Il s’installe, et je ne cherche pas à dissimuler le sourire que je sens s’étirer sur mes lèvres — c’est une infime victoire, qu’il ne se défile pas pour s’en aller nettoyer quelque verre ou servir quelque client, qu’il se tienne face à moi comme s’il n’avait pas tout à fait envie de partir. Ça m’amuse, cette réussite pourtant sans grande prétention, et ça me plaît, cette compagnie improvisée ; le temps d’une poignée de minutes éparpillées, d’une heure peut-être, et pour la nuit on verra.

« C'est ça que t'appelles subtil? On doit pas avoir la même définition. »

Je ricane, c’est plus fort que moi — t’es encore là malgré tout, chéri —, avant de remercier à voix basse en me saisissant du verre qu’il m’a servi un instant plus tôt. J’y trempe les lèvres, en avale une gorgée fraîche, deux, avec toujours ce même plaisir que j’éprouve à découvrir et redécouvrir le cocktail — à chercher le dosage précis de chaque ingrédient, d’un bar à un autre, pour aucune raison vraiment valable sinon l’excuse de passer le temps quand je suis en tête à tête avec ma boisson.

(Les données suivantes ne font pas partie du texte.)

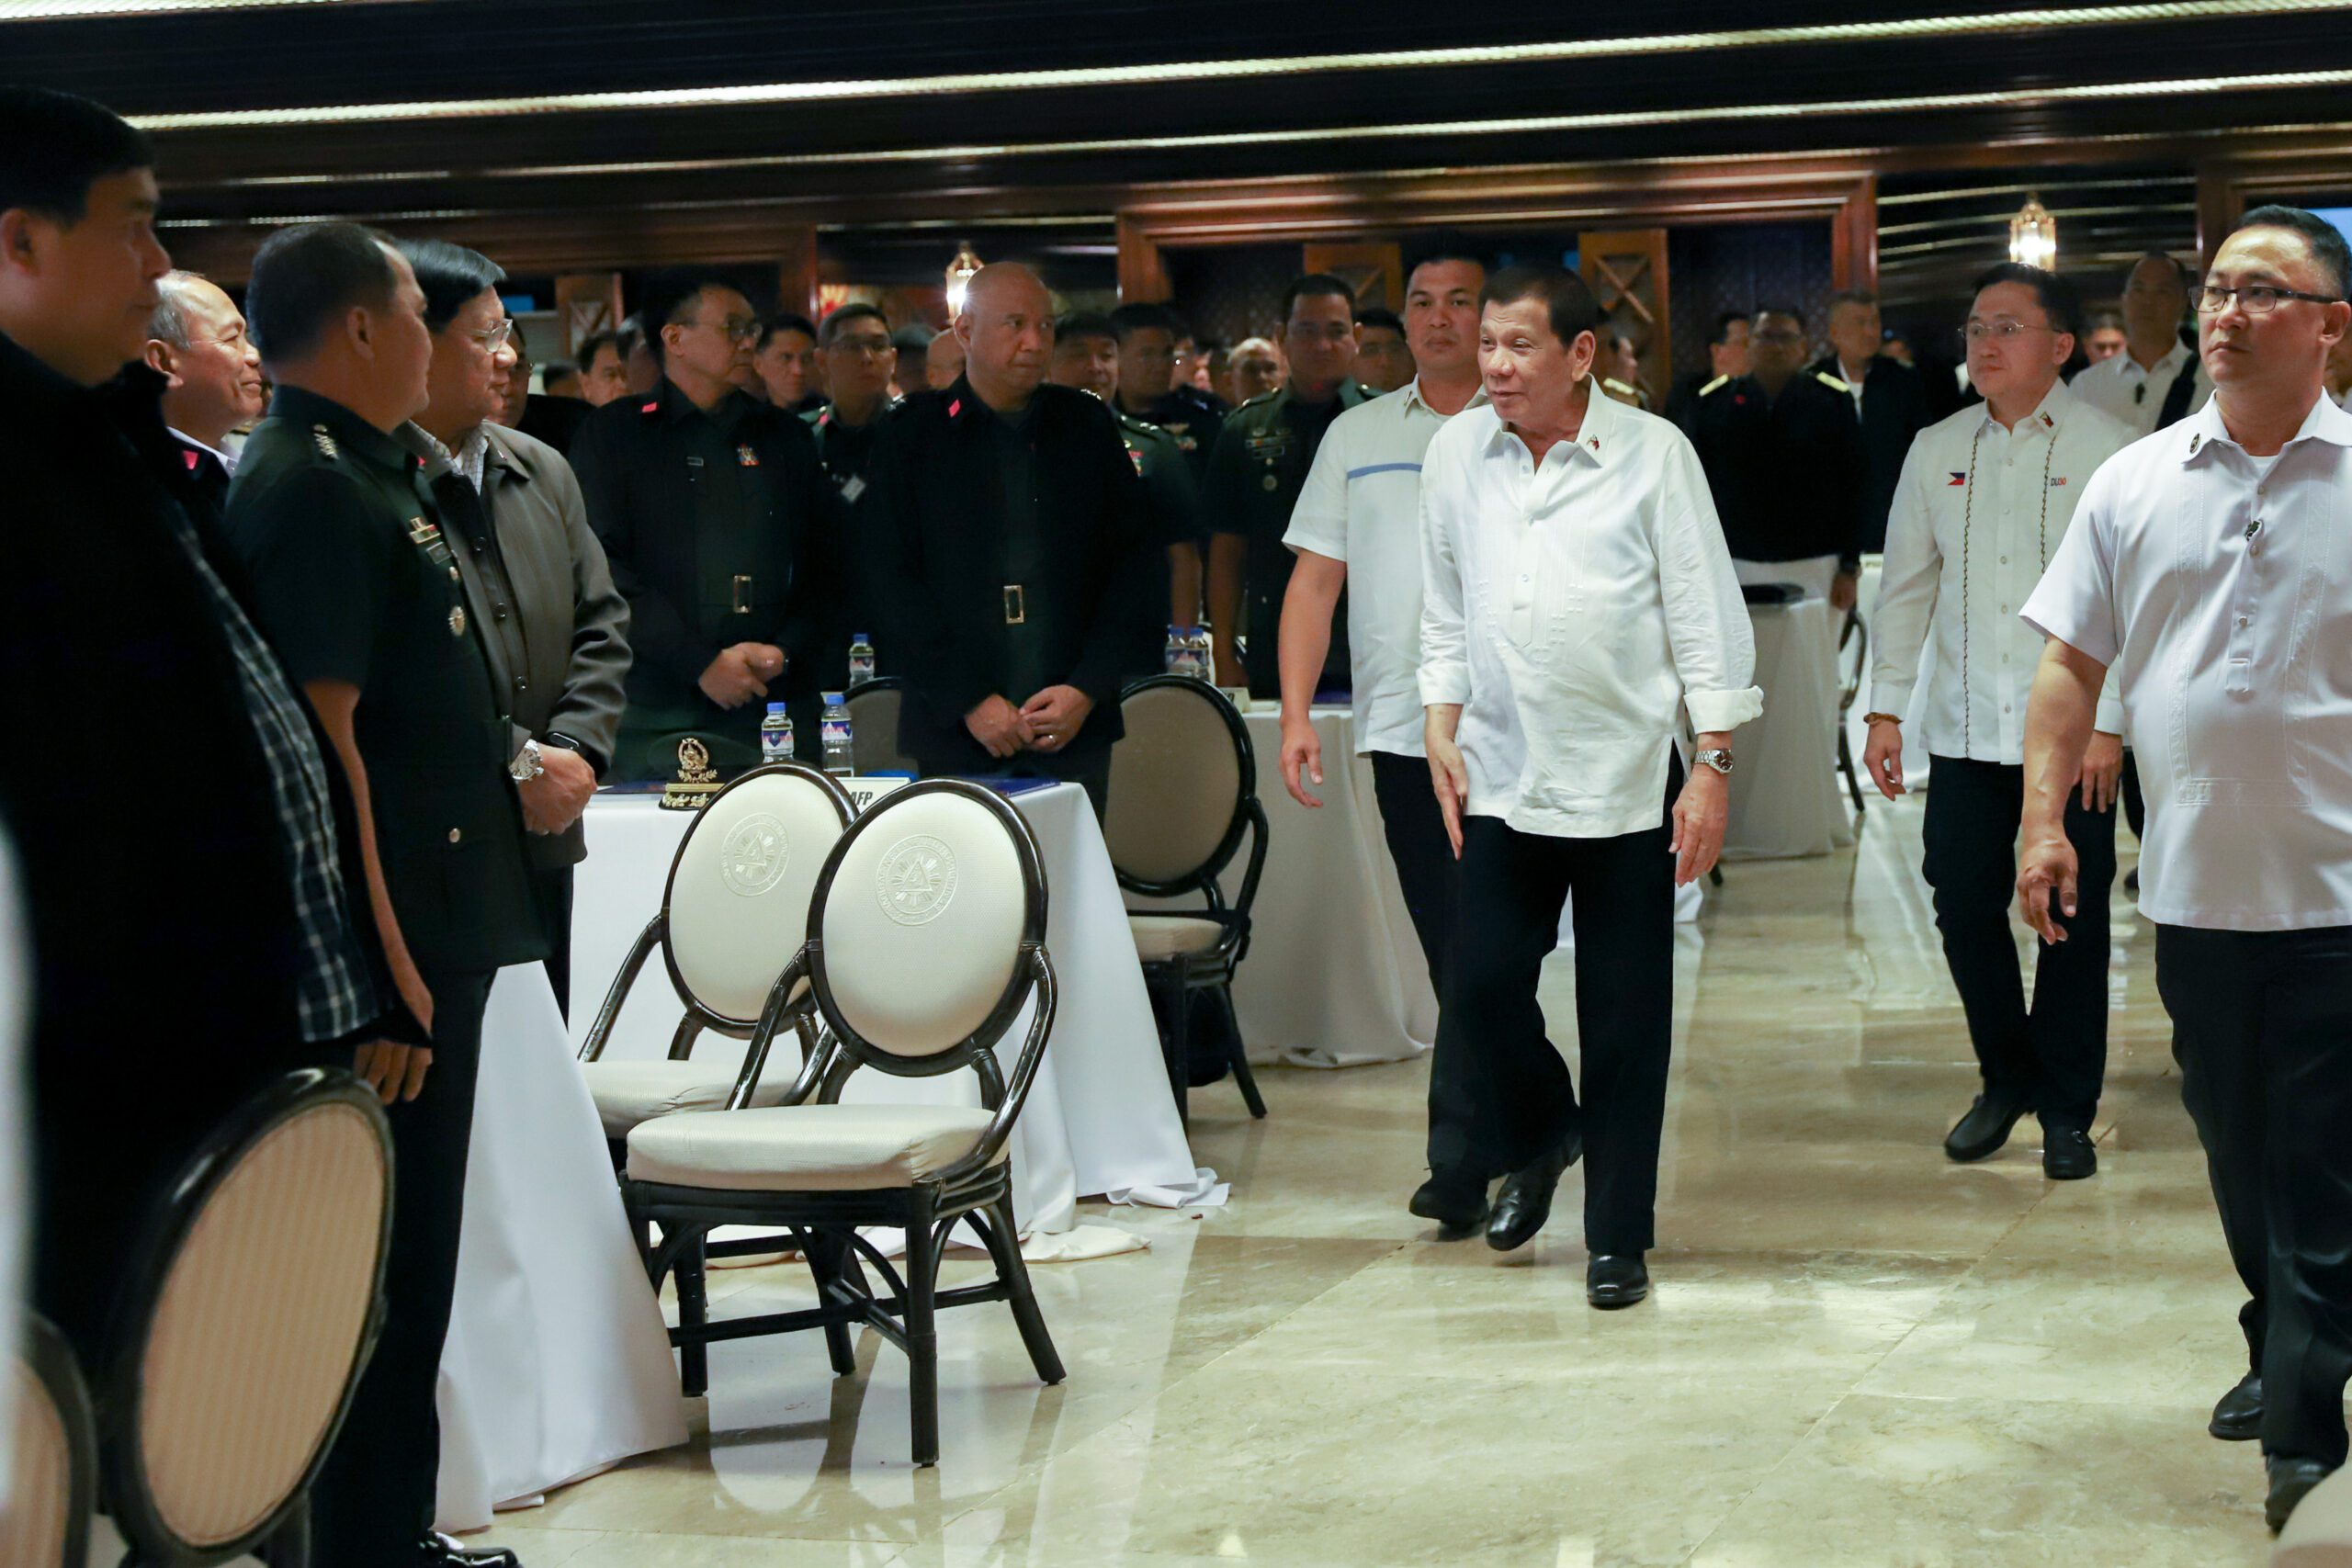 With VFA uncertain, Duterte lashes out at U.S. once again

« Hélio. C'est Hélio, mon prénom. »

Hélio. Rien d’américain, comme le laissait déjà deviner sa peau, au bronzage plus naturel que celui de toutes ces nanas sous UV artificiels tout l’été, et ses prunelles couleur olive noire. D’une certaine façon, il me rappelle Santiague et ses traits mexicains, quoique je sois incapable de dire si leurs origines sont partagées, ou si je fais fausse route.

« Et toi, c'est quoi ? Que j'évite de t'appeler gros lourd toute la soirée. »

Je hausse un sourcil, penche de nouveau la tête, plus style « tu t’fous d’ma gueule ? » qu’autre chose, quoique ça m’amuse, dans le fond. Il est cash, il est franc, ça m’fait rire — pour tout avouer, j’ai presque envie de taire mon nom, histoire de voir s’il m’appellerait vraiment comme ça, et combien de temps il tiendra avant de se sentir mal à l’aise du côté décalé du surnom.
Je ne le laisse pas trépigner.

« Romeo » je lâche, en le fixant, l’air de chercher la moquerie dans son regard, comme elle est fréquente chez les inconnus qui entendent​ mon prénom pour la première fois.
Cela dit, sans doute de peur d’y lire ce mépris gratuit que je connais trop aux autres, je laisse vite tomber la fixette, retiens un soupir en m’enfilant trois gorgées d’alcool.

« Et qu'est-ce qu'un petit blond comme toi vient faire à draguer un serveur dans un bar, alors?
Pour ta gouverne, le petit blond croit bien faire quelques centimètres de plus que le petit brun, je lance en ricanant, en remontant l’ourlet de ma chemise sur mon bras. Quant à ce qu’il vient faire à draguer un serveur dans un bar…. C’est tout pour le plaisir de conquérir, évidemment. »

Et je ris, comme si c’était normal, comme si c’était naturel, comme si je venais de raconter une anecdote sympathique sur le berger allemand du voisin. Quelque part, pour moi, ça n’est pas si différent que si c’était le cas — j’ai plus ou moins déjà ma petite réputation de Dom Juan, à la Molière comme à la Schmitt, façon voiles et vapeurs.
Je repose mon verre, pose mon visage dans le creux de ma paume en l’observant, l’air de peser les mots à venir, quoique je ne réfléchisse jamais que peu avant de parler — et que les mots sortiront de toute façon, d’une manière ou d’une autre.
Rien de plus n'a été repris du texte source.